→ **Material shown**:

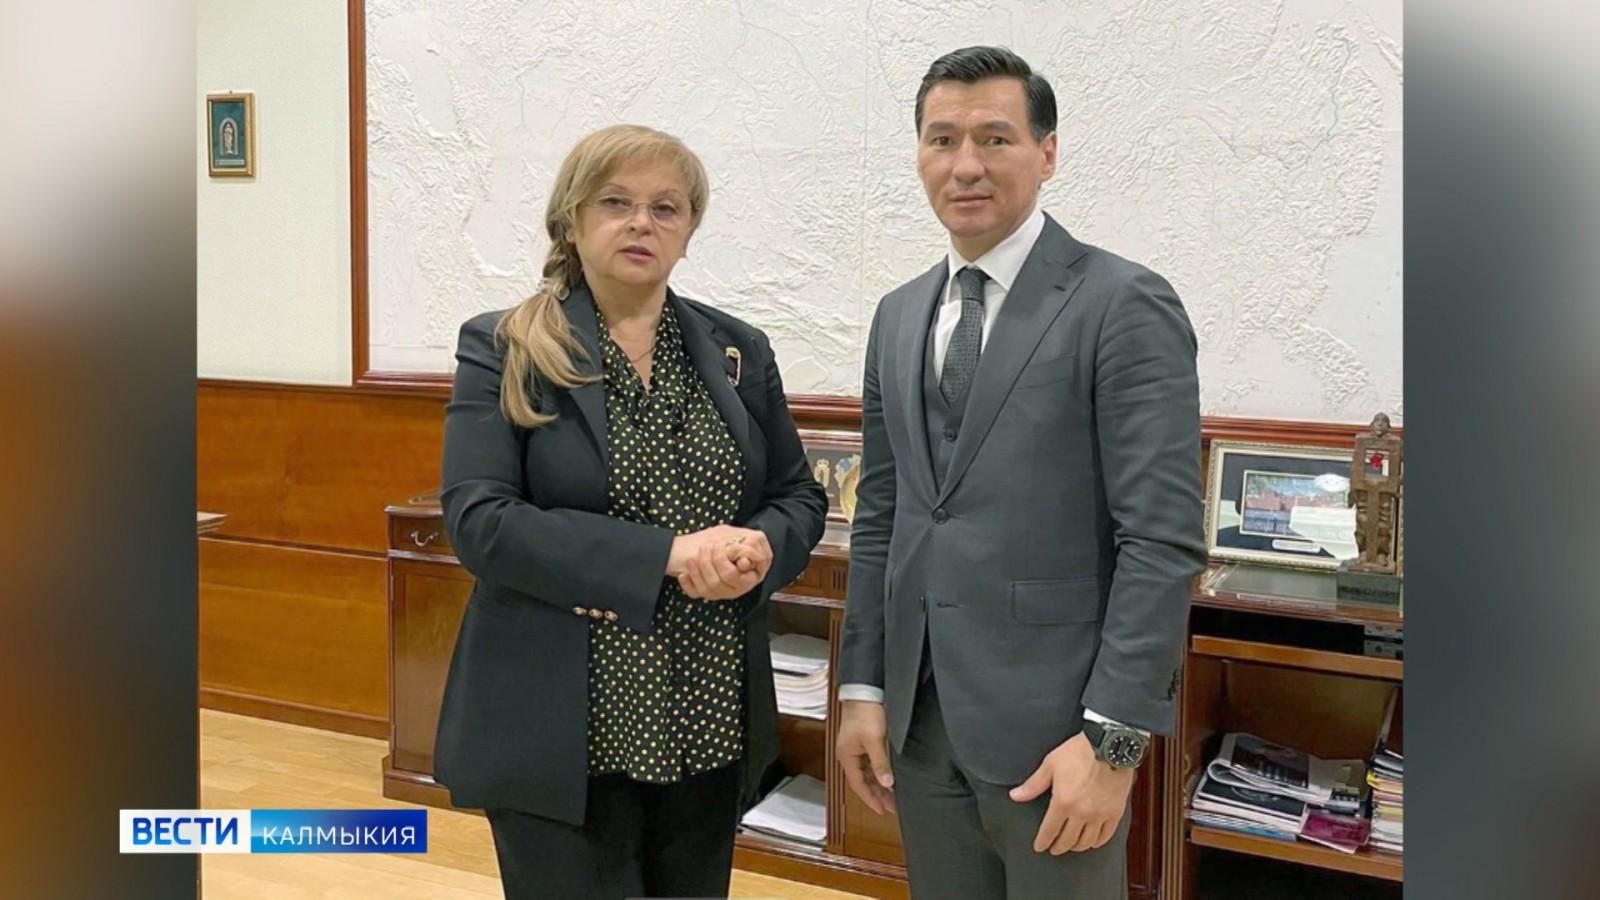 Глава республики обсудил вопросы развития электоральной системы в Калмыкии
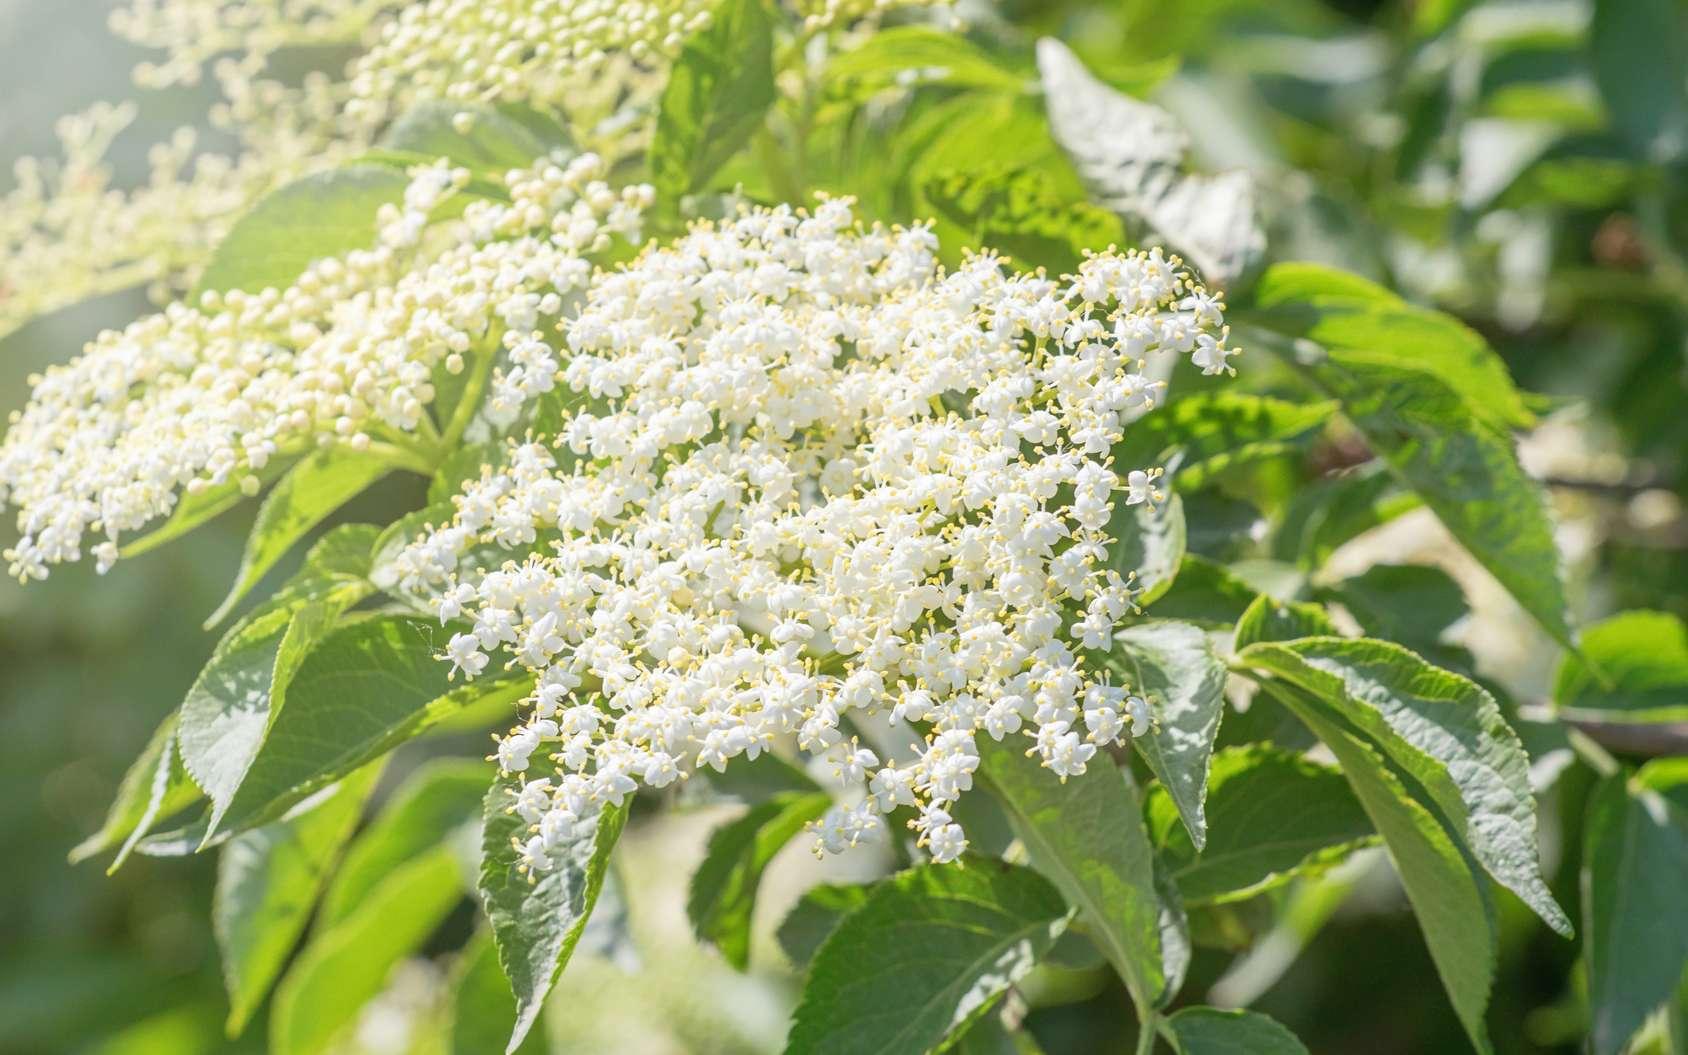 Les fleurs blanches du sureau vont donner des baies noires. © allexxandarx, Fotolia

==

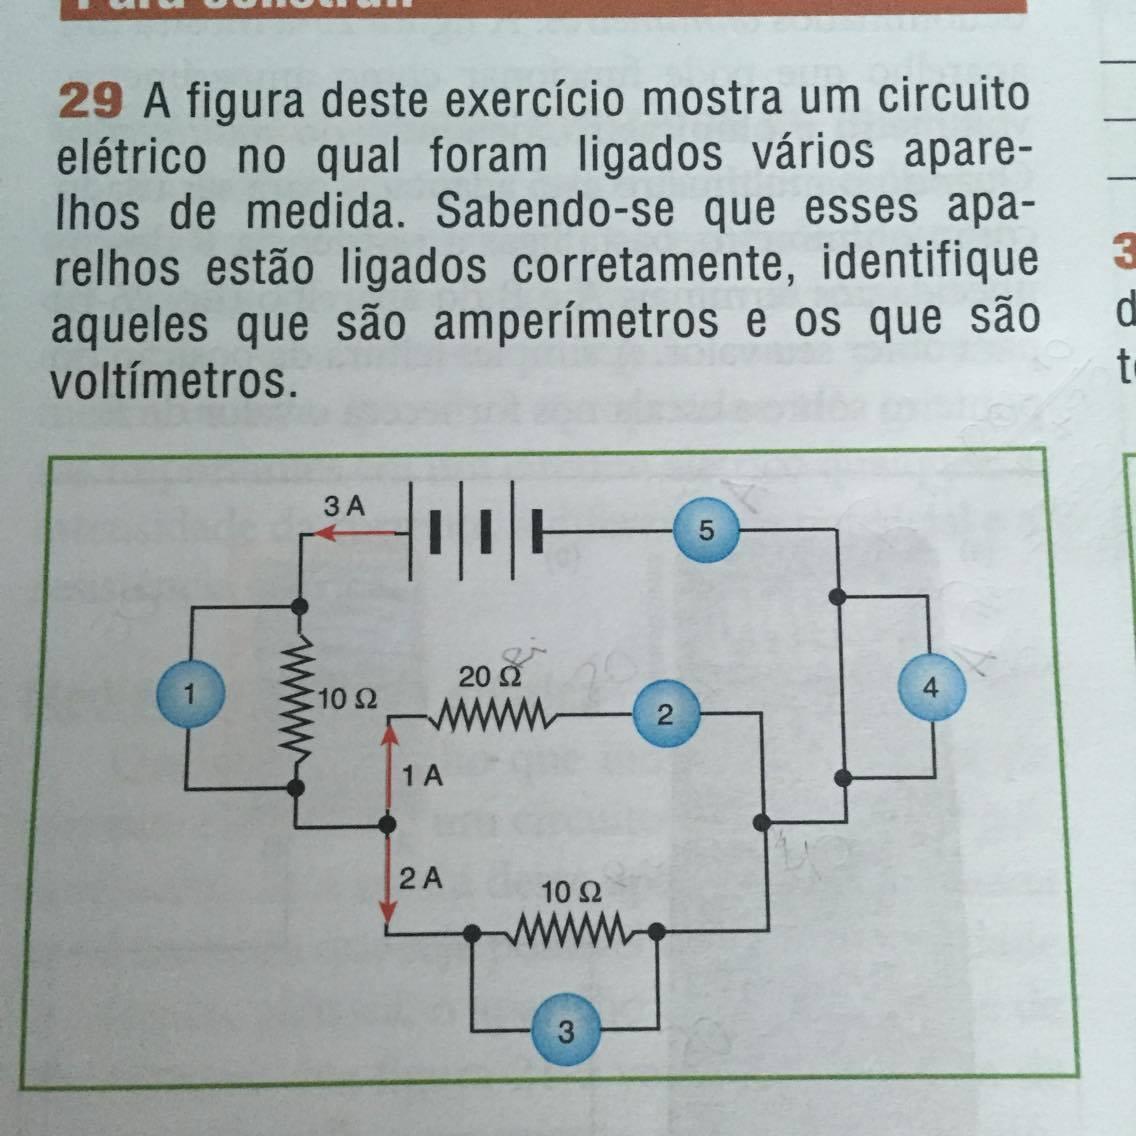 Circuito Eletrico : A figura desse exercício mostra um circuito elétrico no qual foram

---

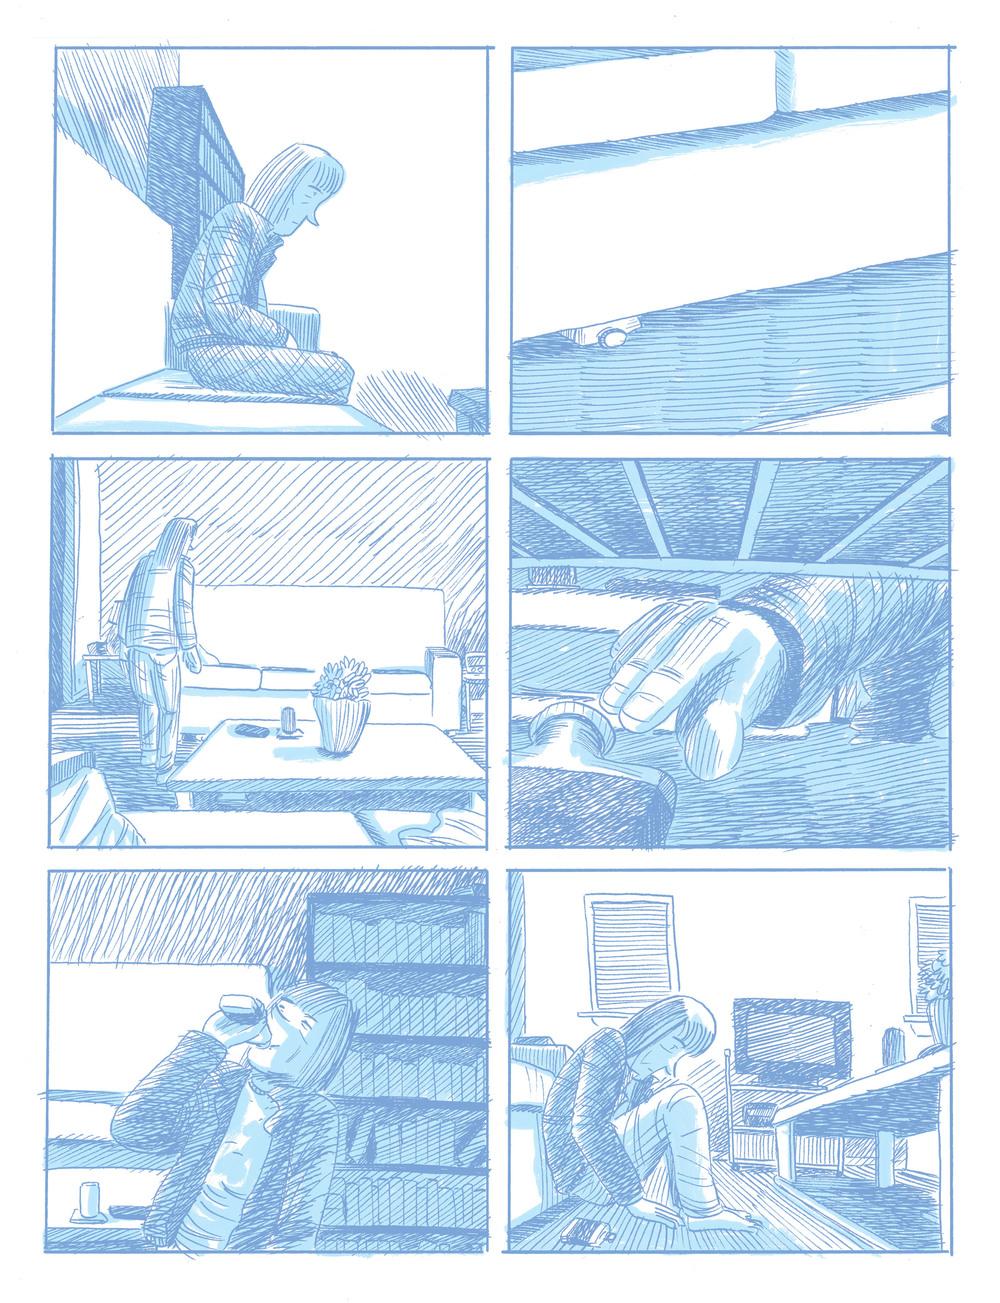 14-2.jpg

→ **Task goal**: Would you set down only the lines above from the line with "Глава республики обсудил" to the line with "Les fleurs blanches", both included, exactly as they stand and without the pictures?

→ **Finished exercise**:
 Глава республики обсудил вопросы развития электоральной системы в Калмыкии
 Les fleurs blanches du sureau vont donner des baies noires. © allexxandarx, Fotolia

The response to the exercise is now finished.